*Problem requirements:*
Below are records with pictures. Transcribe exactly, and only, the lines from the line with "Kyoukai Senjou no" to the line with "inte-egionais. Quado 1.", both ends included, but not the pictures.
*** Listed entries Section Begins ***
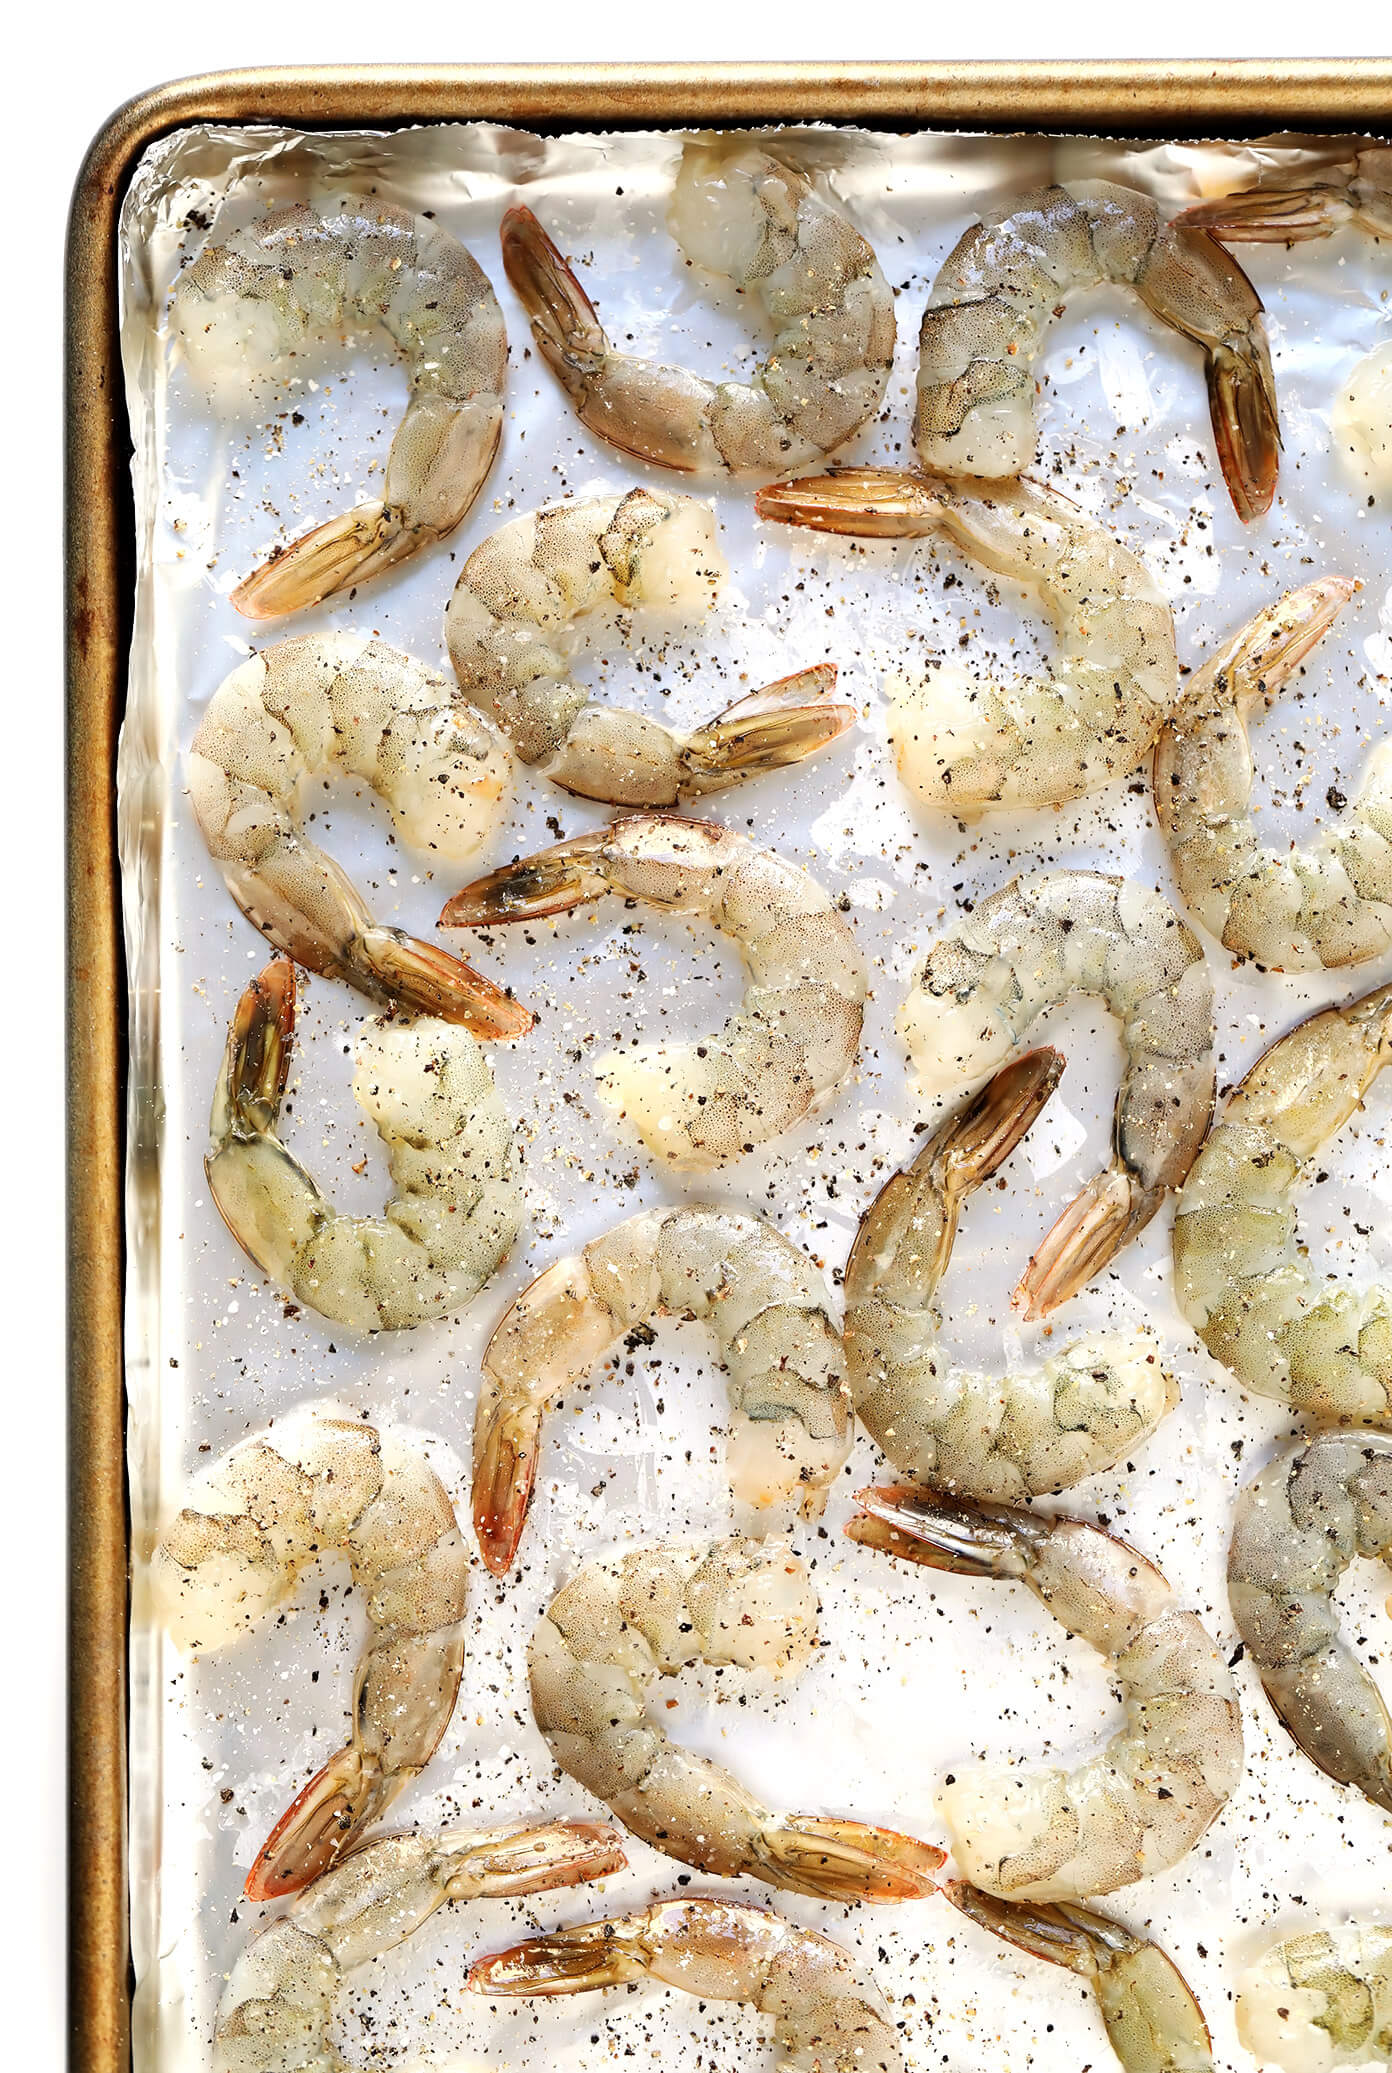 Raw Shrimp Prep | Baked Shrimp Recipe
*** Listed entries Section Ends ***
*** Listed entries Section Begins ***
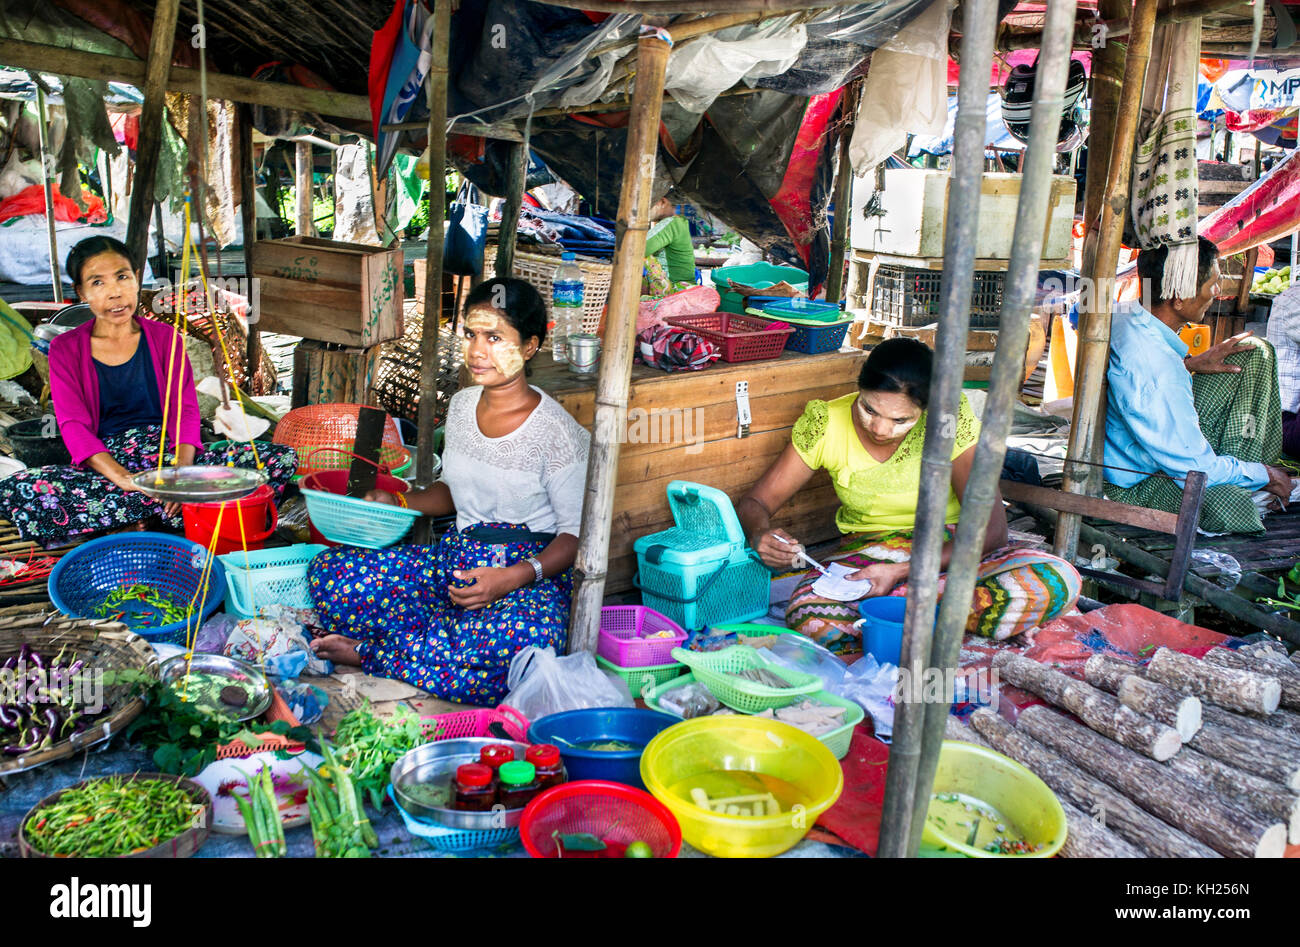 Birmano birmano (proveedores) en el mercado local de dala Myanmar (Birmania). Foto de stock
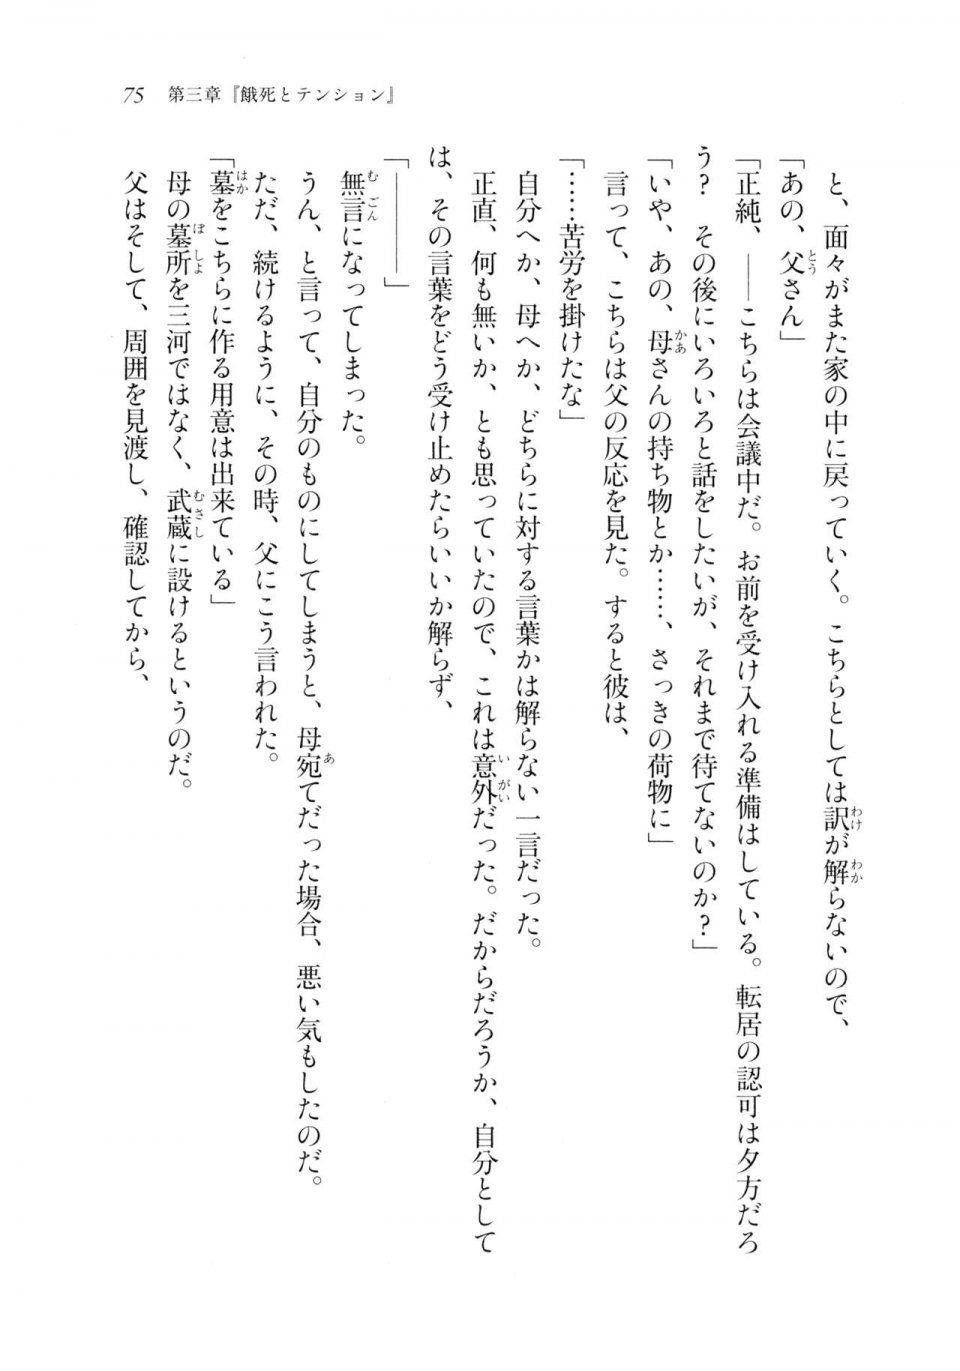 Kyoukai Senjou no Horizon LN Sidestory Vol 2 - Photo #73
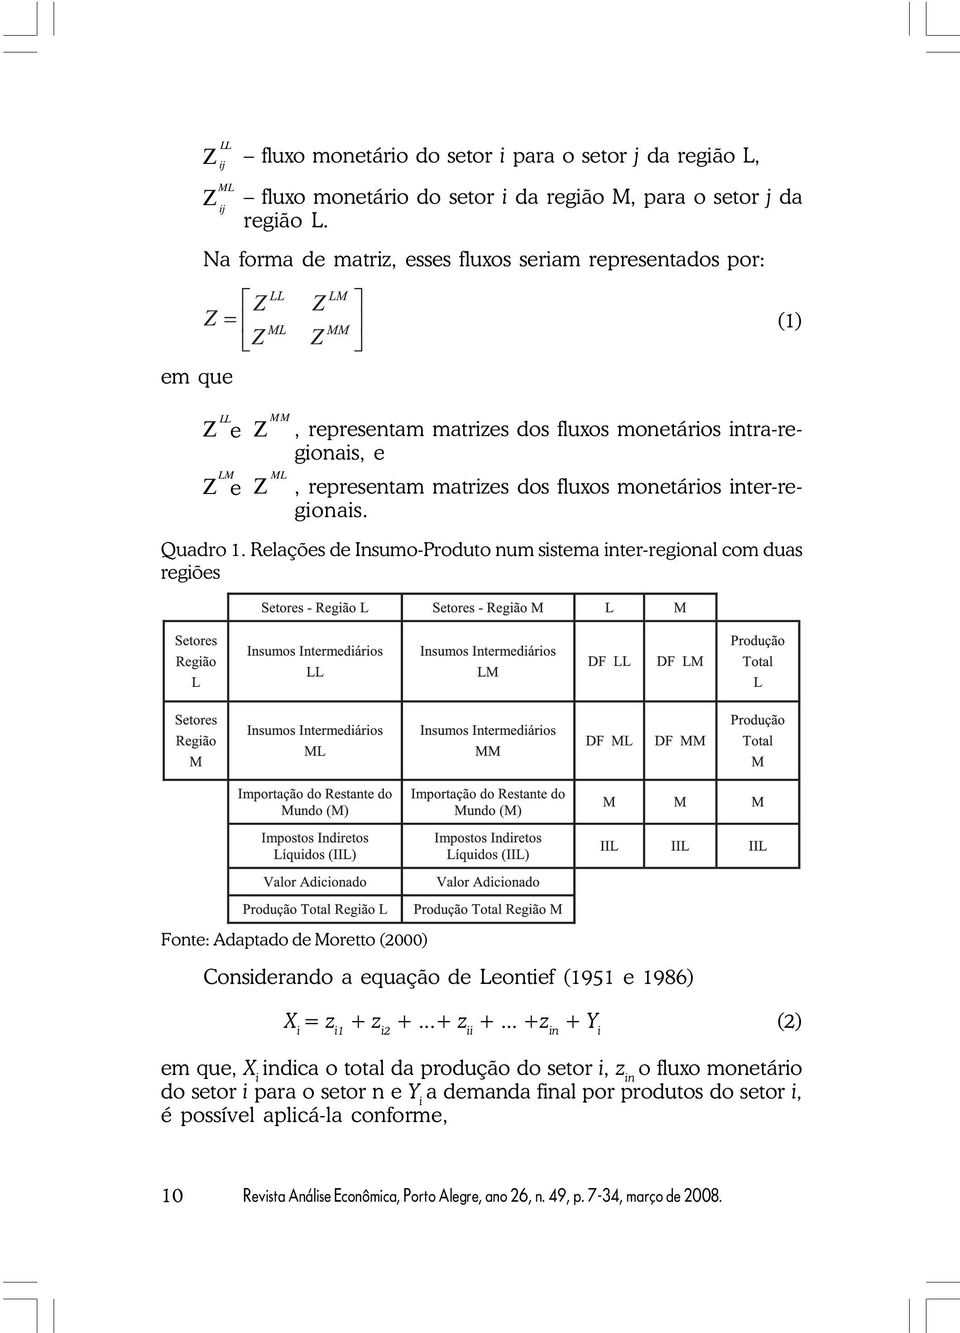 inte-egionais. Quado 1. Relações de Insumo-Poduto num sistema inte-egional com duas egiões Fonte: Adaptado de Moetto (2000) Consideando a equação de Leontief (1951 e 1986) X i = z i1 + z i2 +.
*** Listed entries Section Ends ***
*** Listed entries Section Begins ***
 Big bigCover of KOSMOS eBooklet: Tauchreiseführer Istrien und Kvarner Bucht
*** Listed entries Section Ends ***
*Exercise result:*
 Kyoukai Senjou no Horizon LN Sidestory Vol 2 - Photo #73
 inte-egionais. Quado 1. Relações de Insumo-Poduto num sistema inte-egional com duas egiões Fonte: Adaptado de Moetto (2000) Consideando a equação de Leontief (1951 e 1986) X i = z i1 + z i2 +.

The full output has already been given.